— На чужой каравай рта не раззевай! — Он опрокинул рюмашку, крякнул, хлопнул, почавкал тети Маниным холодцом и, громко рассмеявшись собственной шутке, крепко ухватил Клавдию за плечо. В комнате, расставляя ширму перед Костиным диваном, он погрозил ему пальцем, икнул и гоготнул: — Каждый сверчок знай свой шесток!
В квартире Николаша прижился сразу. Вместе с ним там поселился дух базарной безудержной разнузданности. Николаша все мог. Николаша все умел. Николаше все было море по колено. С Николашей было весело. И дефицитную сырокопченую колбасу он приносил домой палками. И дефицитные покрышки от новой, только что выпущенной «Победы» лежали в их коридоре горкой резиновых бубликов. И за общим кухонным столом собирались теперь чуть не каждый вечер. И щербатый Витька, глядя щенячьими глазами, бросался стягивать с Николаши сапоги, как только тот вваливался в дверь. А Клавдия варила щи из нежнейшей шелковой телятины, и костяной ее корсет, казалось, немножко помягчел.
— Ты, Клавдия, когда плату за свет считаешь, ты на семьи-то не раскладывай, — учил ее Николаша. — Ты на людей раскладывай. Вот нас двое всего, а у Витьки пять голов. У них больше нагорает.
— Так нас не двое, трое, — возражала Клавдия.
— Да ты его не считай! — Николаша махал рукой в сторону Костиного дивана. — Что его считать! Ему свет не нужен. И вот еще что. — Николаша доставал из кармана проржавевший безмен. — На складе взял. Ты на рынок его бери, а то они тебе там намеряют, потом концы с концами не сведешь. Пушинка к пушинке, а выйдет перинка!
Николаша выпивал первую после работы рюмку, вскидывался коротким гоготом, тяжело приваливался к Клавдиному плечу. Чудилось, что больше не случится с ними ничего плохого. А то, что есть… Ну, есть и есть. Могло ведь и этого не быть. Не всем же вальсы-бостоны танцевать, фокстроты отплясывать. Бывает, и без музыки люди живут. Тоже неплохо.
— Ты, Клавдия, вот что… Ты того… Решай давай, — бормотал Николаша что-то невнятно, так не похоже на себя, что Клавдия испугалась.
— Что, Николаша? Что решать?
— Ну, насчет нас. Пожениться бы нам надо.
— Да как же… да ведь… — Клавдия беспомощно оглянулась, глазами показала на Костину ширму.
— Вот я и говорю — решай.
Вечером Клавдия сама завела с ним разговор.
— Мне, Николаша, что, с Костей разводиться?
Николаша замялся, заерзал на стуле, затянулся «беломориной».
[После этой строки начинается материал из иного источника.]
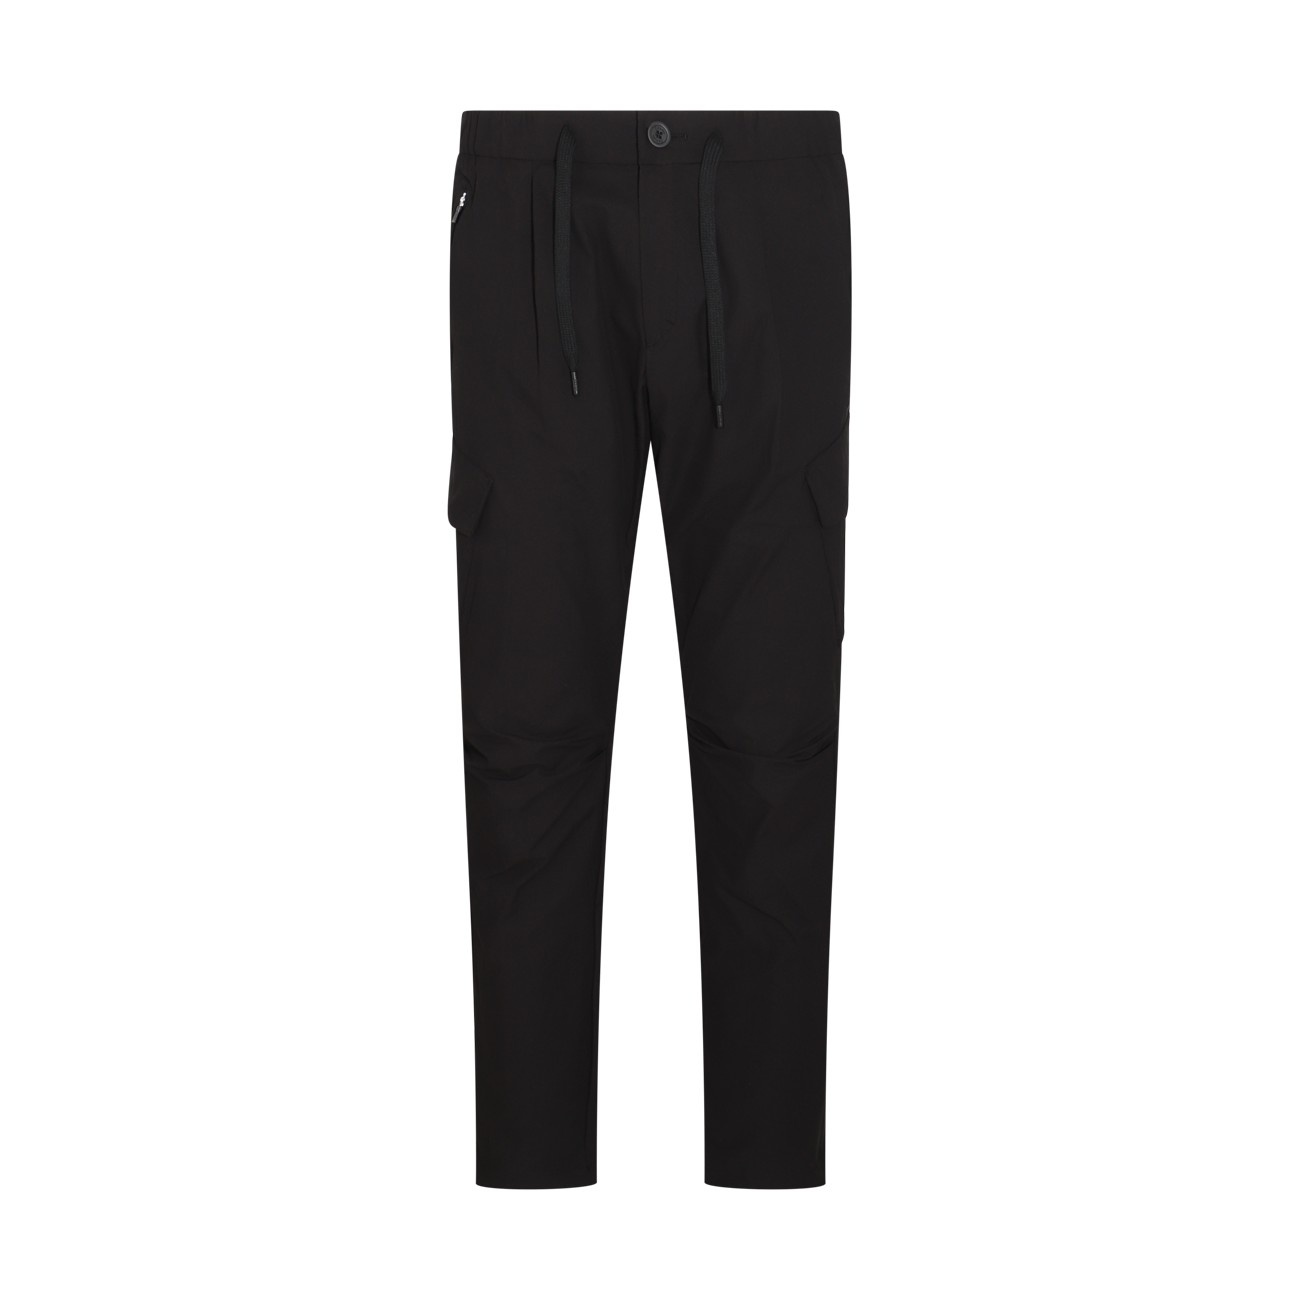 black nylon pants - 1

— Разводиться… Ну разводись. А жить мы где будем? Ты не подумай, я на твою жилплощадь не претендую. А ребеночек появится, что тогда? У меня, сама знаешь, мать с батей и сестра с пацаном на десяти метрах.
— Так что же делать, Николаша?
— Думай, Клавдия, думай.
— Я думаю. Может, его в интернат определить? Для инвалидов?
— Интернат! Интернат пять лет надо ждать! А потом, в интернат просто так не берут. За интернат площадь надо сдавать. А откуда она у тебя, площадь? Ты, Клавдия, пойми, он же не человек теперь, ему все равно. А нам жить. Детишек нам надо. И вообще, чтоб все как у людей.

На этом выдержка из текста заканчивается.